India’s largest airline, InterGlobe Aviation, also known as Indigo, could have had a good April-June quarter as it was the summer season and the first quarter without Covid lockdowns in two years, bringing aviation to a standstill.

But this has only allowed them to limit their losses to 1,064 crore in the June quarter, from ₹3,174 crore last year. This is despite a fourfold increase in operating revenue to 12,855 crore as capacity increased by 145%.

In addition to the return of economic activity, it was also related to a surge in fuel prices by a massive 95.5% during the quarter, foreign exchange losses due to a volatile currency and more.

Indigo says that if the currency loss of 1,424 is excluded, the company would make a net profit of ₹360 crore.

“We reported the highest revenue ever generated by the company, producing profits on an operational level. However, due to cost pressures on fuel and foreign exchange, we were unable to translate this strong sales performance into net profitability. While our second quarter financial performance will be challenged by weak seasonality, the long-term revenue trend remains strong,” said CEO Ronojoy Dutta.

Particularities Revenue Loss Total Expenses
Q1 FY23 ₹13,018 crore (₹1,064 crore) ₹14,083 crore
Q1 FY22 ₹3,170 crores (₹3,174 crores) ₹6,344 crore
Q1 FY21 ₹1,143 crore (₹2,844 crore) ₹3.986 crore
Q1 FY20 ₹9,786 crore ₹1,203 crore ₹8,277 crore


Indigo could make gains in the December quarter
The next quarter will not improve either, as the seasonal effect of the summer quarter will disappear. Sales are expected to fall next quarter as schools open, monsoons and the month shrad when fewer people travel.

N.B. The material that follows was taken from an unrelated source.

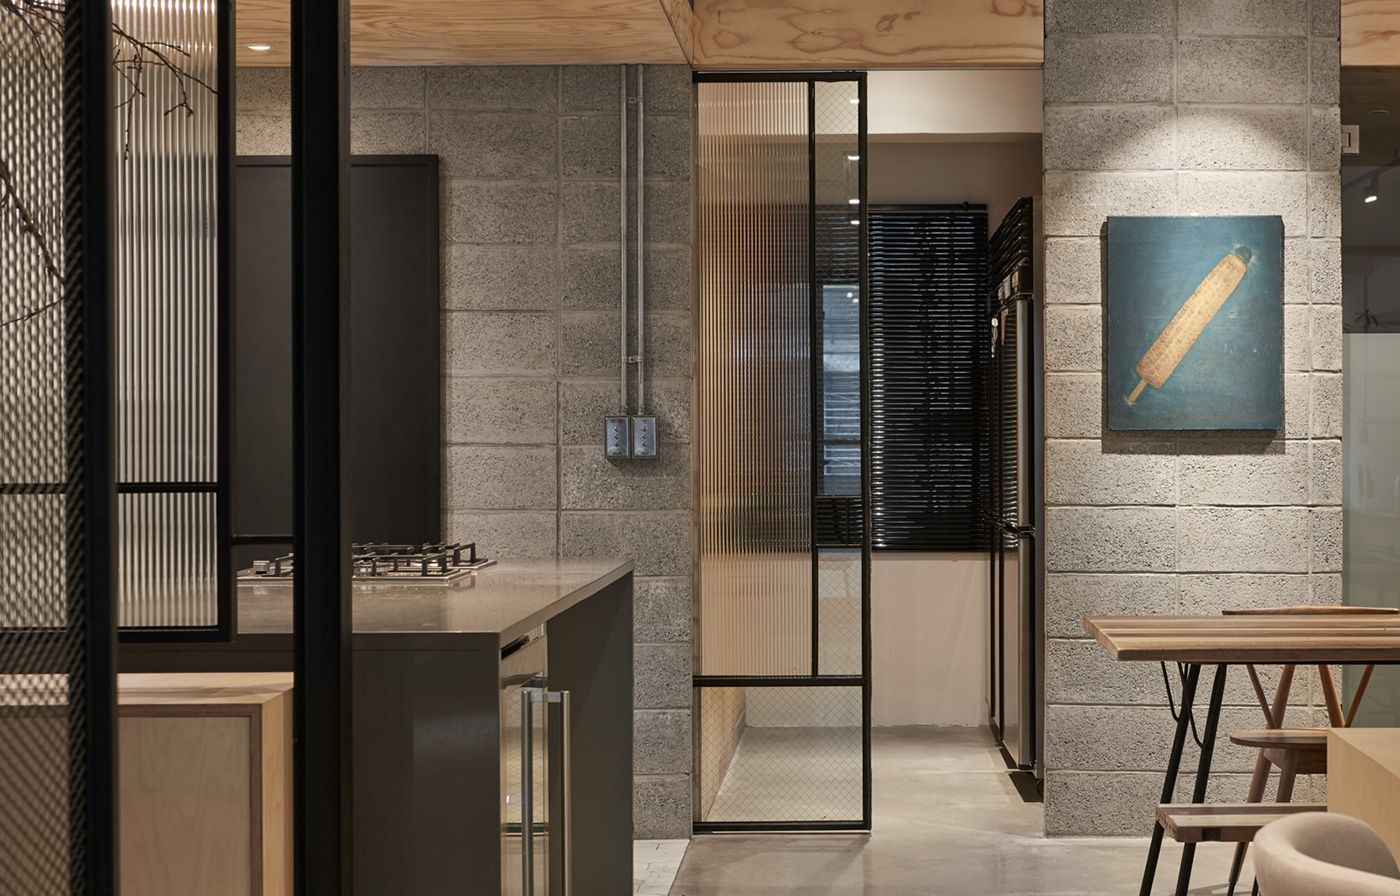 Bedroom interior design with almirah pin by f g on doorwindow  pinterest

“All these things tend to hold back revenue in the second quarter. And it’s historically not a one-year phenomenon,” Dutta said in an analyst call.

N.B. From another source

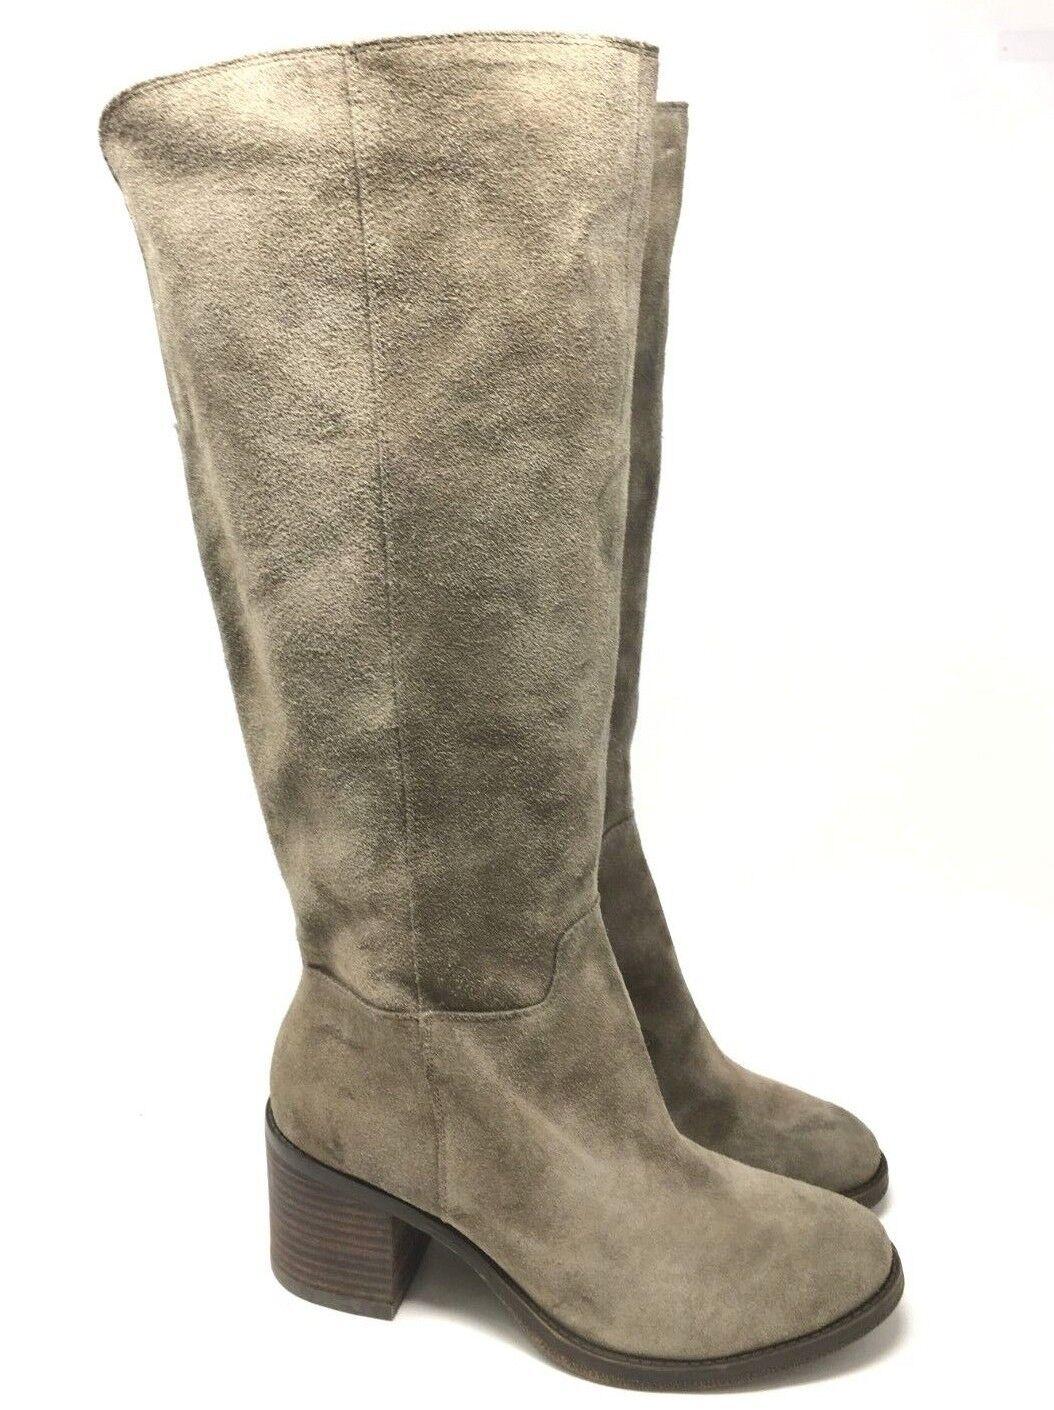 Nuevo Nuevo Nuevo Suerte Ritten ante Color Topo Alto Equitación botas de Piel Número  7.5  ahorra hasta un 80%

However, Dutta hopes that as the pressure on fuel and foreign exchange eases, they will turn a profit in the third quarter of the fiscal year.

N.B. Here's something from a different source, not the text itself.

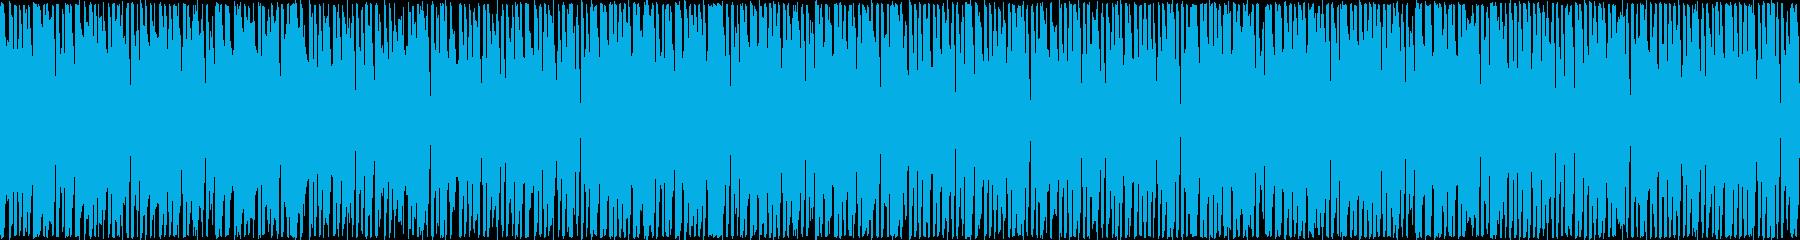 パズルゲームに 明るくお洒落でポップの再生済みの波形

“If fuel and foreign exchange behave just a little bit, I think we could have a targeted storm of profitability in the third quarter,” he said.

‘Giving up trains for us’
Indigo resumed planned international operations and now operates roughly at a pre-covid international level. The capacity deployed in the June quarter was about 35% higher than in the previous quarter and about 7% higher than pre-covid capacity.

He added that business travel has been strong. “People also travel like crazy to tourist destinations. So markets like Srinagar, Leh, Dehradun and Goa are all performing very well.

“We are getting train to airline replacement in all these short autumn markets be it Delhi-Lucknow, Delhi-Dehradun, Kolkata-Devgad people are giving up the trains and coming to us. This is a positive sign,” he says.

Even as the love of travel grows, most airlines will face new competition, such as the launch of Rakesh Jhunjhunwala-backed Akasa Air, the comeback of Jet Airways and the relaunch of Air India.

“The fact that competition is increasing and the addition in flights is also quite small, capacity is limited at the moment. We don’t see too much impact from the competition, if we see something we see a healthy industrial environment in terms of prices,” said Dutta.